Strange New Worlds does have the advantage of acting like a television show, where Obi-Wan is structured as a very long movie. (It began life, in fact, as a standalone film, before the story evolved and expanded into the weekly Disney+ version.) Strange New Worlds can tell lots of largely standalone stories that have little to no connection to Trek lore, and only touch the third rail of continuity when it wants to. Obi-Wan, on the other hand, spends its entire time running between the raindrops of established Star Wars mythology, frequently asking its audience to step outside of the story to wonder how certain developments make sense within the franchise’s past(*).

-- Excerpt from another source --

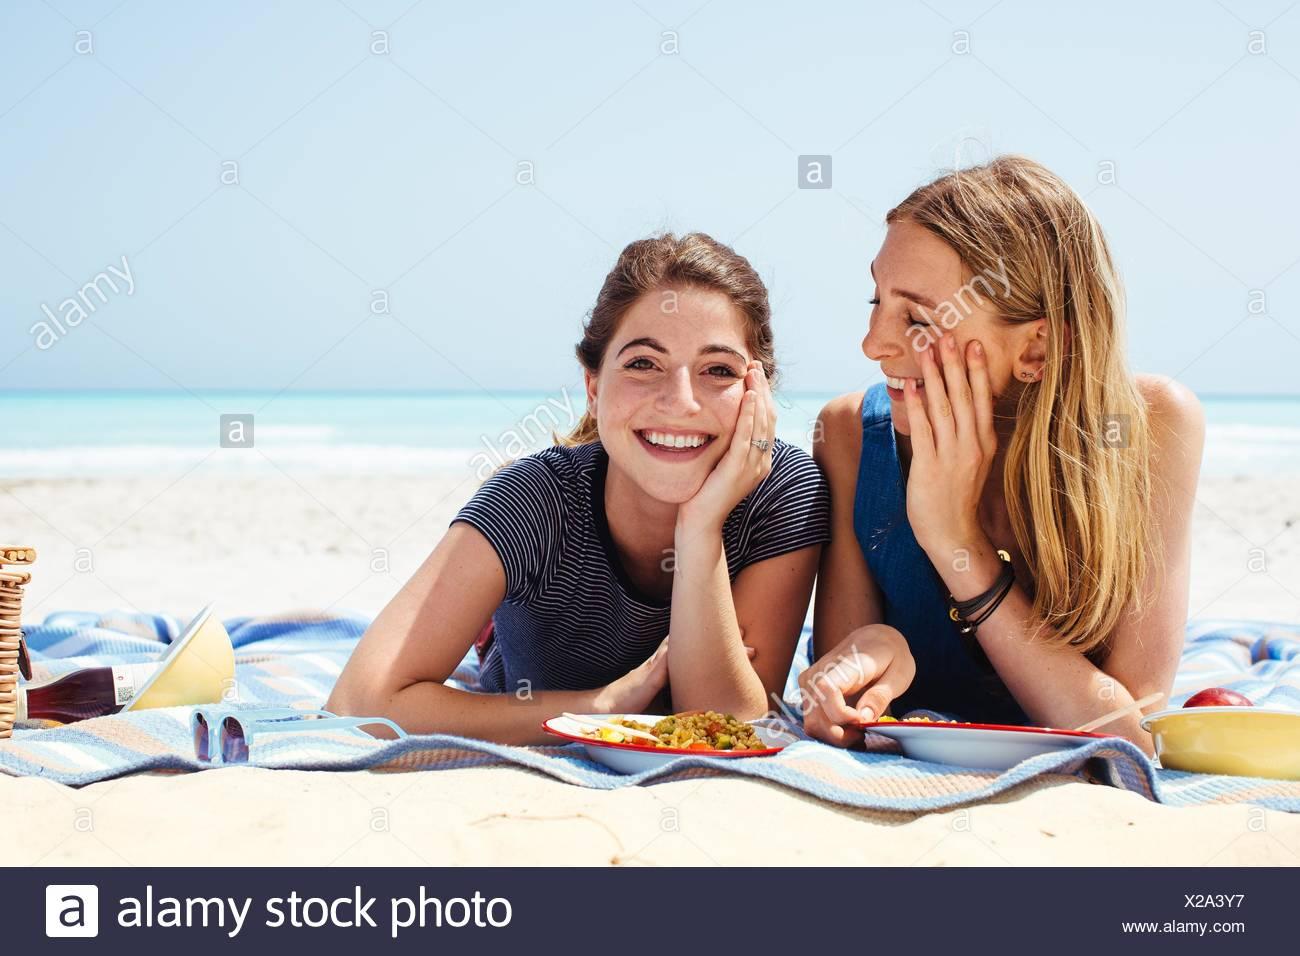 Portrait de deux jeunes amies lying on picnic blanket at beach Banque D'Images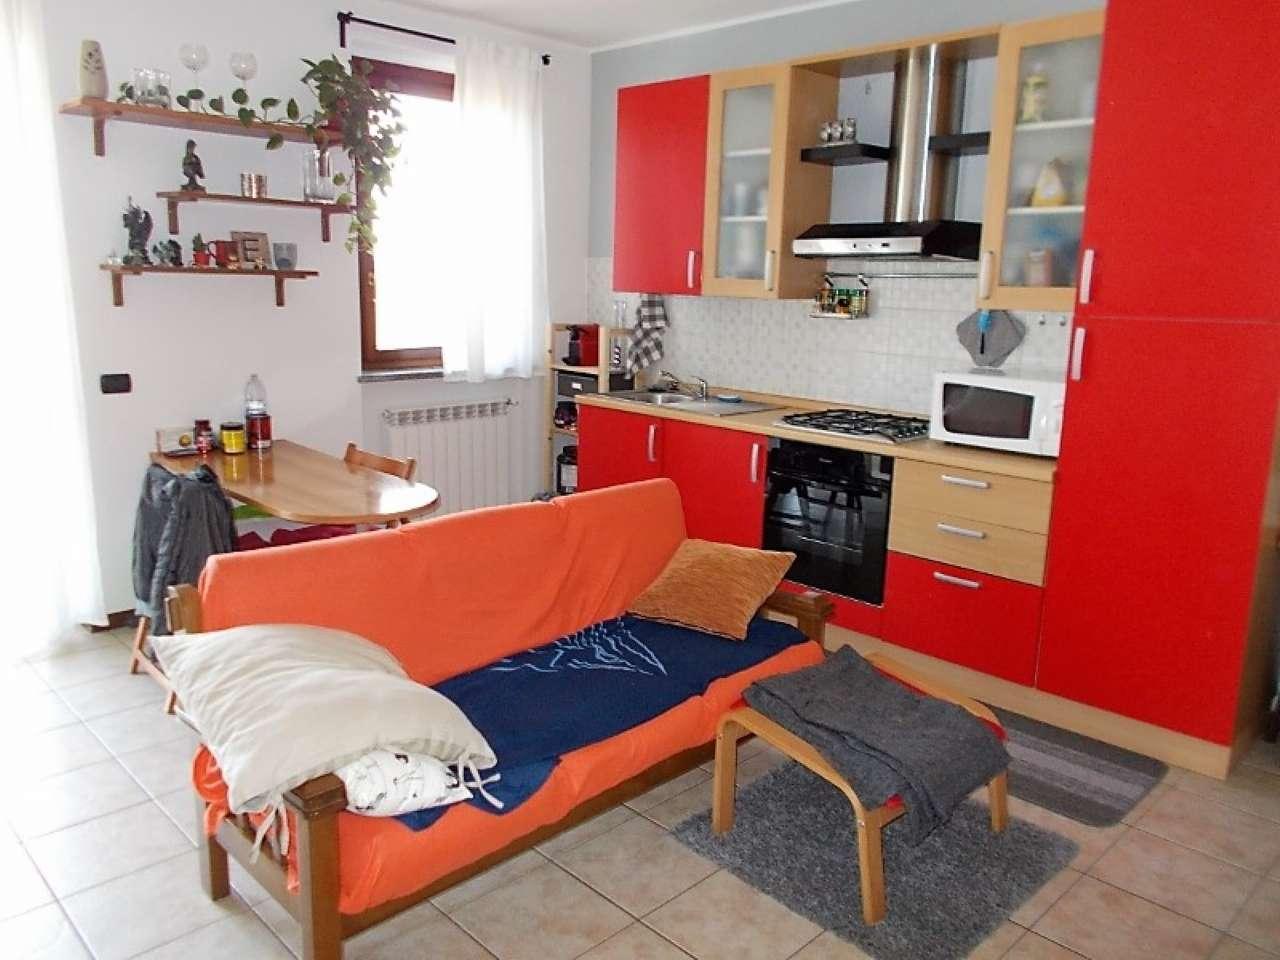 Appartamento in affitto a San Martino Siccomario, 2 locali, prezzo € 450 | CambioCasa.it

(*) There’s a very good — and now likely out-of-continuity — novel called Kenobi, by John Jackson Miller, about Obi-Wan’s earliest days on Tatooine. It’s basically a Western where he’s the mysterious stranger who wanders into town, does battle with nefarious groups (both Tusken Raiders and gangsters affiliated with Jabba the Hutt), and then rides off to another adventure. The lack of other significant Star Wars characters probably made it unappealing for a live-action adaptation — and now some of the Tusken material would feel redundant with The Book of Boba Fett — but it would have avoided a lot of the prequel-itis issues that plagued the actual show.

But the main problem is that Obi-Wan was too sloppy to justify the mental contortions necessary to make its pieces fit together with what we’ve seen of the larger Star Wars puzzle. Again, you can explain the seeming contradictions, at least by the letter of the law, if not the spirit. (The Darth/Obi-Wan confrontation in Star Wars feels much richer if it’s their first encounter since Revenge of the Sith.) And you can also read other aspects of Obi-Wan’s character from the films into what happens here: Haja, the fake Jedi with a heart of gold played by Kumail Nanjiani, may have made Obi-Wan more willing to trust the similarly slick-but-good Han Solo when he had to hire a pilot to get himself and Luke off Tatooine. But so much of it requires the viewer to do the work that the show itself hasn’t done properly, along with explaining plot developments within individual episodes. (The climax to the third episode, with Reva somehow getting ahead of Leia in a secret tunnel, and Darth Vader being stopped by a wall of fire only moments after we saw him use the Force to get past a similar one, was probably the worst offender.)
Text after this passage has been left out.